Stimata Direttrice,
Le scrivo con ancora sotto gli occhi le immagini della vergognosa intimidazione subita giovedì sera dal nostro sindaco Gori. Gli insulti, le grida e soprattutto la scelta di circondare minacciosamente la sua abitazione privata sono assolutamente inaccettabili.
Tutto è nato da una protesta partita davanti al Comune, di cui capisco perfettamente le ragioni: i timori per il futuro e l’esasperazione di tanti miei concittadini. Bergamo ha sofferto in un modo indicibile durante la scorsa primavera e a tratti si è sentita abbandonata e sacrificata: soprattutto, rimane una ferita lacerante il pensiero che, se si fosse agito più tempestivamente per arginare il contagio nella sua fase iniziale, tanto dolore e tanti lutti ci sarebbero stati risparmiati.

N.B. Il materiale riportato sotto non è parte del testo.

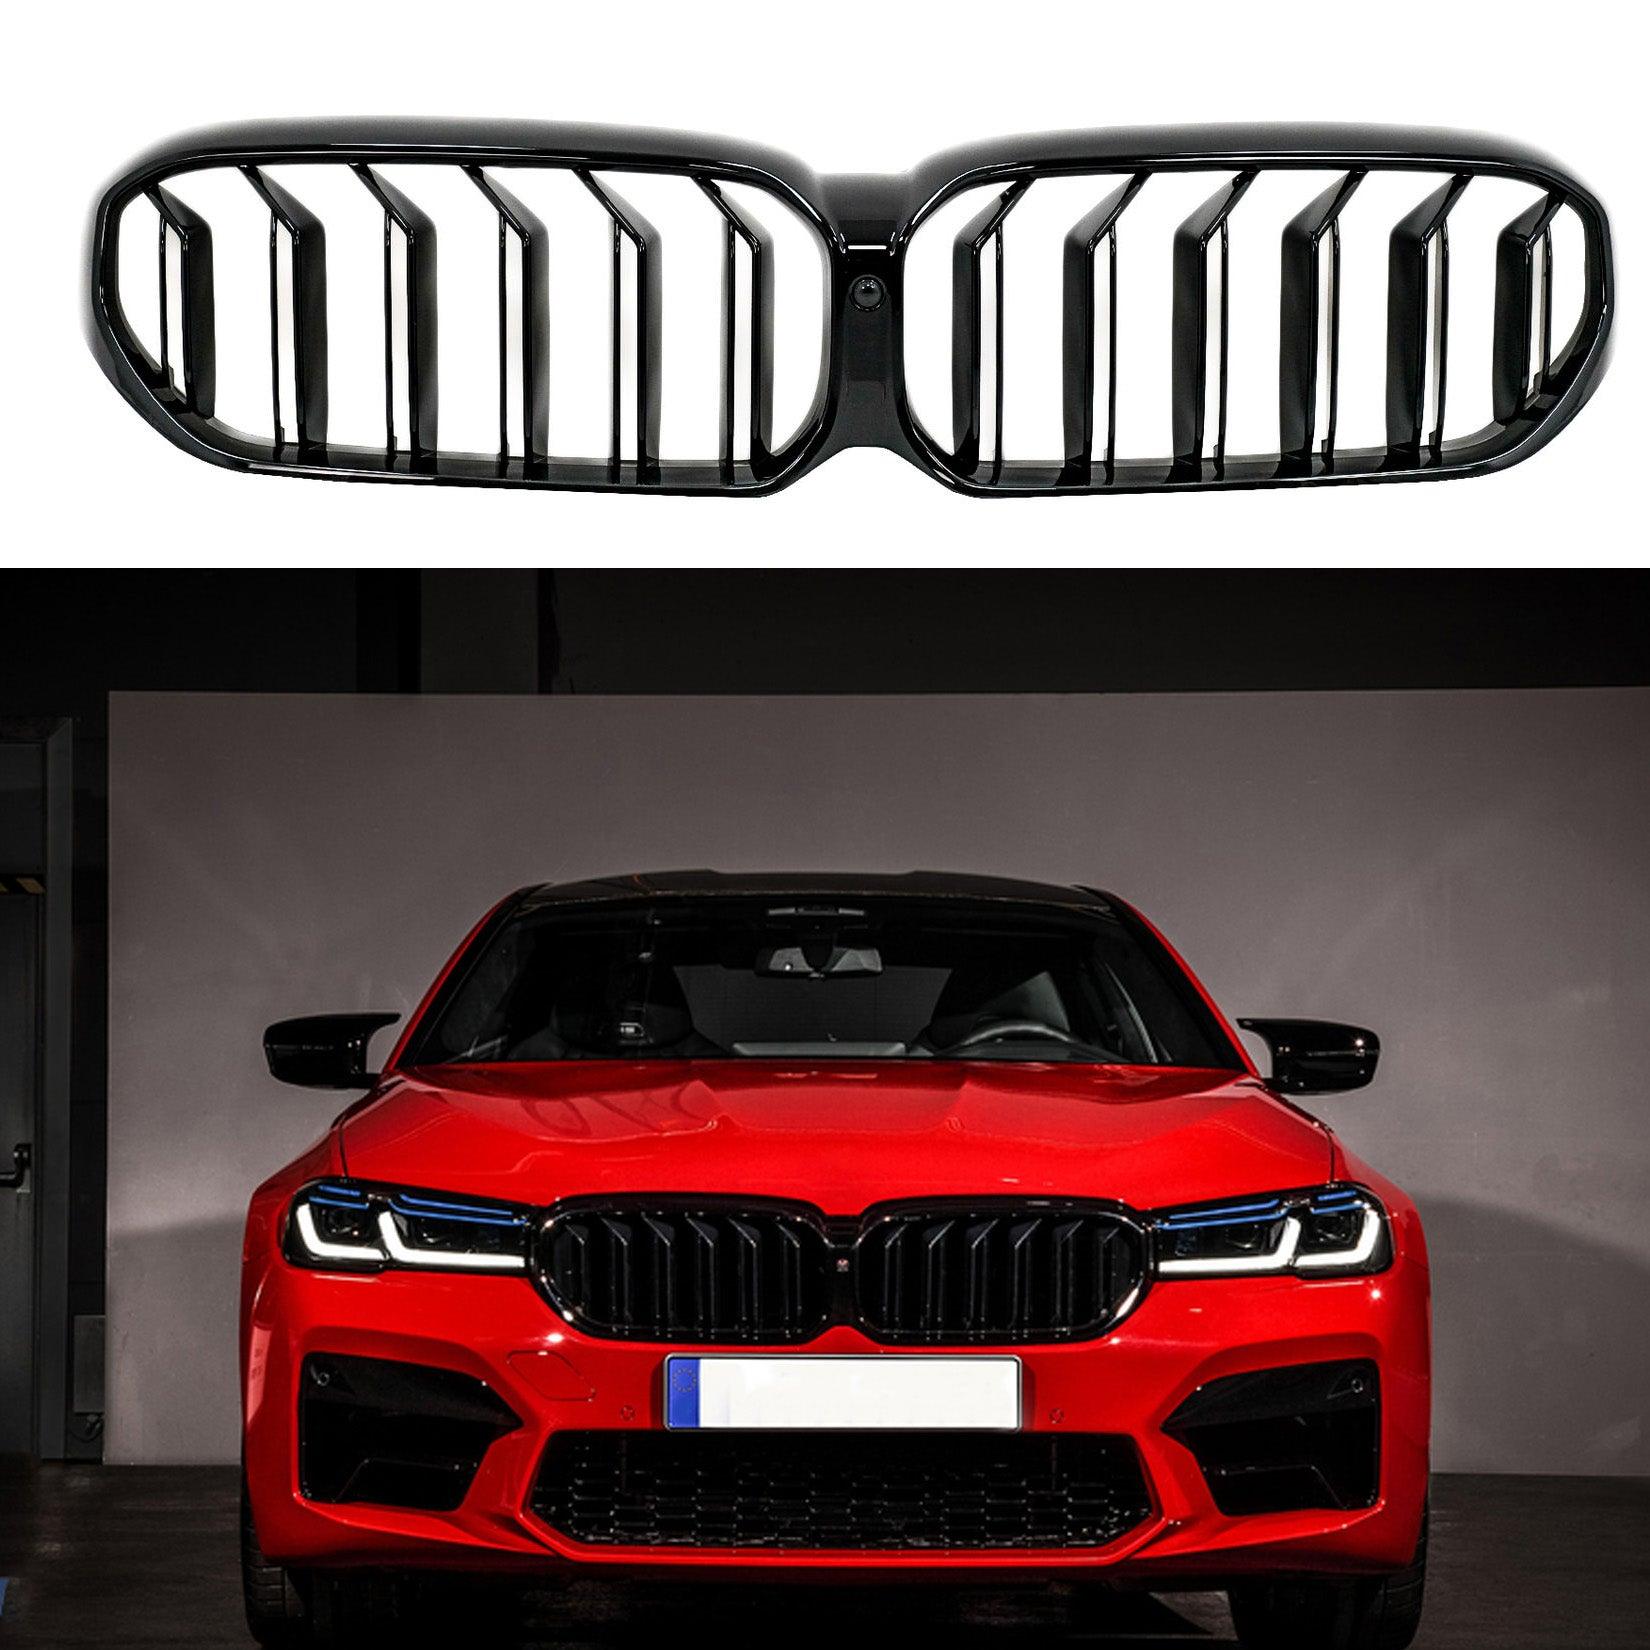 BMW 5 Series G30/G31 2020+ LCI Upgrade Front Grill in Gloss Black - M5 Look

Oggi, la nostra città si trova fortunatamente in una situazione meno grave rispetto al resto della Regione; ma, malgrado ciò, è stata coinvolta nel nuovo lockdown, che è arrivato come una doccia gelata sulla speranza di ripresa e di ritorno alla normalità che negli scorsi mesi si era timidamente avviata.
Mi rendo conto che la nuova chiusura viene sentita come ingiusta e catastrofica; ma non credo che si potesse evitarla ancora a lungo. Purtroppo, anche nella nostra città i numeri dei nuovi casi stanno salendo, seppure più lentamente che altrove e la vicinanza con le province più in difficoltà fa temere che il virus possa riprendere a circolare pericolosamente anche da noi.
Proprio la nostra storia recente ci ha insegnato che il contagio è come un incendio: va spento subito, ai primi focolai, altrimenti divamperà distruggendo tutto… aspettare non sarebbe servito che a peggiorare la situazione sanitaria e, di conseguenza, quella economica e sociale.
Non dovremmo essere noi bergamaschi a insegnarlo al resto del Paese?
La legittima protesta non può poi sconfinare in un atto intimidatorio, che mi è sembrato l’iniziativa vergognosa di una minoranza e andrebbe come tale censurato da chi ha partecipato alla manifestazione iniziale.
Davanti alla casa del sindaco ho visto sventolare alcune bandiere dell’Italia: è mortificante vedere il simbolo della nostra unità nazionale, che dovrebbe essere ancora più salda in un momento così difficile, strumentalizzato come stendardo di un’area politica che semina il risentimento e la discordia, per sfruttare la rabbia e la disperazione delle persone comuni come armi contro il proprio avversario.
È un’area politica che ha sempre minimizzato il pericolo dell’epidemia o, addirittura, è arrivata a descriverlo come inesistente, frutto di un surreale complotto, insultando così la memoria dei nostri morti e delle nostre terribili sofferenze: è anche per loro responsabilità che il Paese si è fatto trovare impreparato dalla seconda ondata e si trova oggi sulla soglia di un nuovo incubo.
Come si può non prenderne le distanze?
Cara Direttrice, nell’esprimere una doverosa solidarietà al nostro sindaco, vorrei rivolgermi ai nostri concittadini: non lasciamoci ingannare.
Abbiamo di nuovo di fronte il nostro nemico, il virus e non serve a nulla litigare tra di noi, o prendercela con chi ha sbagliato e con chi sta ancora sbagliando (anche perché lo abbiamo fatto e lo stiamo ancora facendo un po’ tutti, ognuno al suo livello): serve invece essere uniti, capire cosa è più utile fare in questo momento, ritrovare la solidarietà che ci ha aiutato nei momenti peggiori della prima ondata.
Dobbiamo agire tutti insieme per superare un’altra volta il pericolo e per metterlo sotto controllo per il futuro. Altrimenti, sappiamo già come può andare a finire: e questa volta sarebbe, purtroppo, anche colpa nostra.